A major retrospective exhibition of his work was held in 1985 to coincide with the publication of his biography.

Badmin died in Chichester, West Sussex, in 1989.

Work

Badmin worked primarily in watercolour. He was particularly inspired by the English rural landscape, and was especially noted for his detailed yet evocative paintings of trees. His work shows strong affinities with contemporary neo-romantic artists such as Graham Sutherland, John Piper and Eric Ravilious. His greatest public recognition came through his book illustration and advertising work, which was also largely based on English landscape subjects.

During the 1930s, Badmin began to receive commissions for magazine illustration; he produced his first book illustrations in 1937 (Highways and Byways of Essex by Clifford Bax, with further illustrations by F. L. Griggs).

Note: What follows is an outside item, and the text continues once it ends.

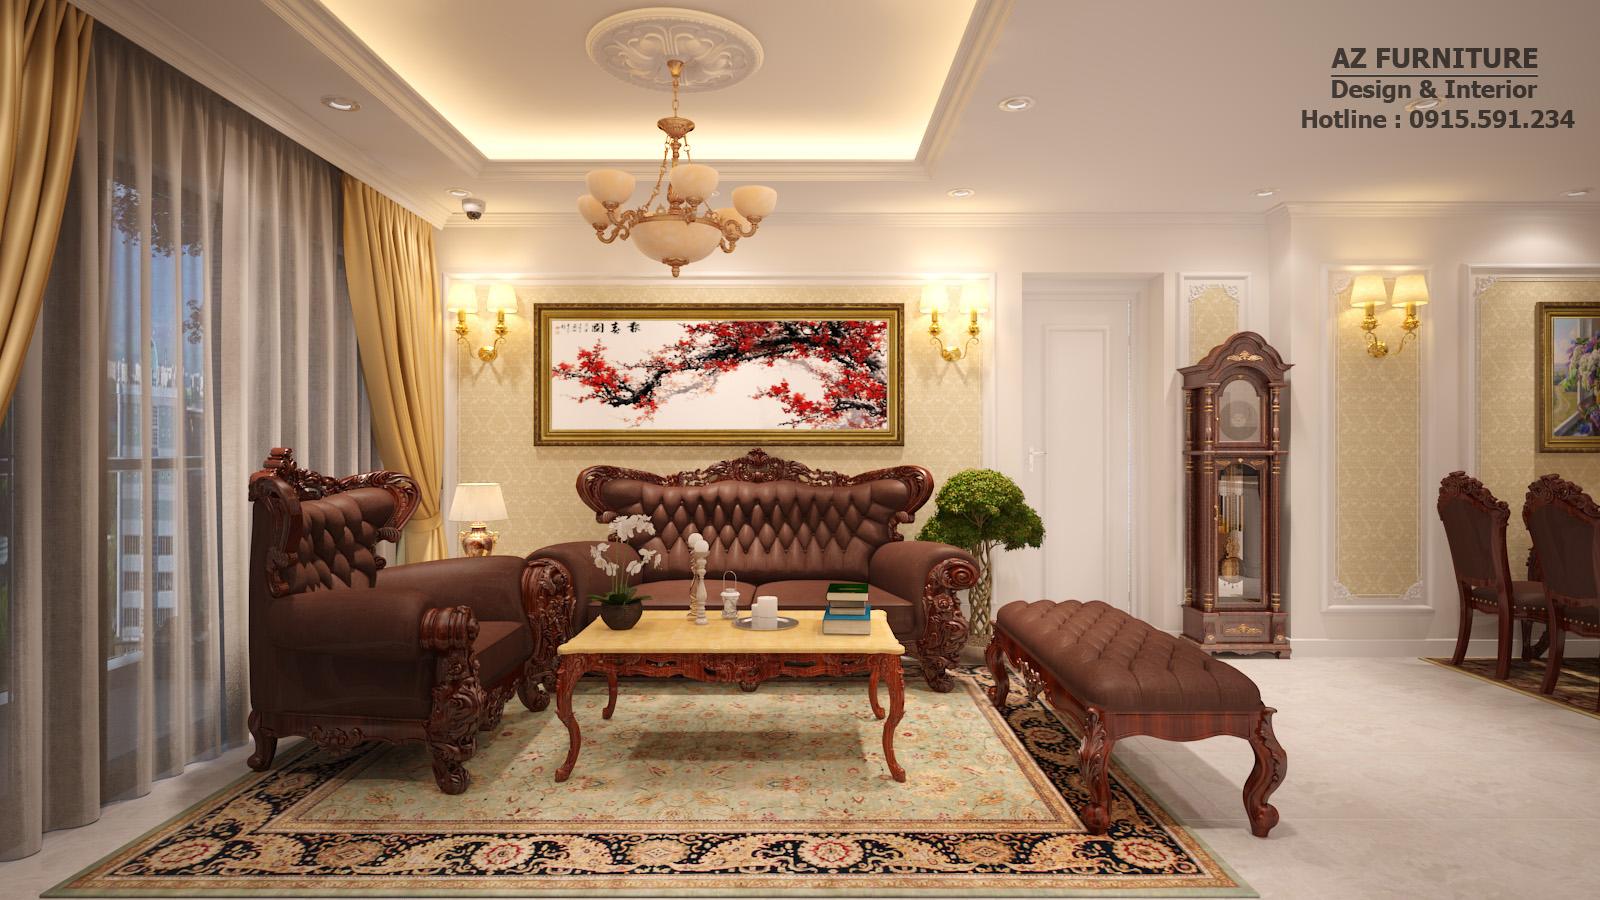 Thiết kế nội thất phòng khách tân cổ điển - Hottline: 091 559 1234

He wrote and illustrated three books for Puffin, the children's imprint of Penguin Books, one of which (Trees in Britain, 1943) has been described as "one of the most beautiful illustrated books of [the 20th] century". The book was so successful it later became adopted as a set text by an agricultural college.

Some of Badmin's most well-known work was commissioned by Shell; he worked on advertising art and book illustration for the popular Shell Guides series during the 1950s. His style also became familiar to the British travelling public through his work for London Transport and a series of posters for British Railways, among other clients.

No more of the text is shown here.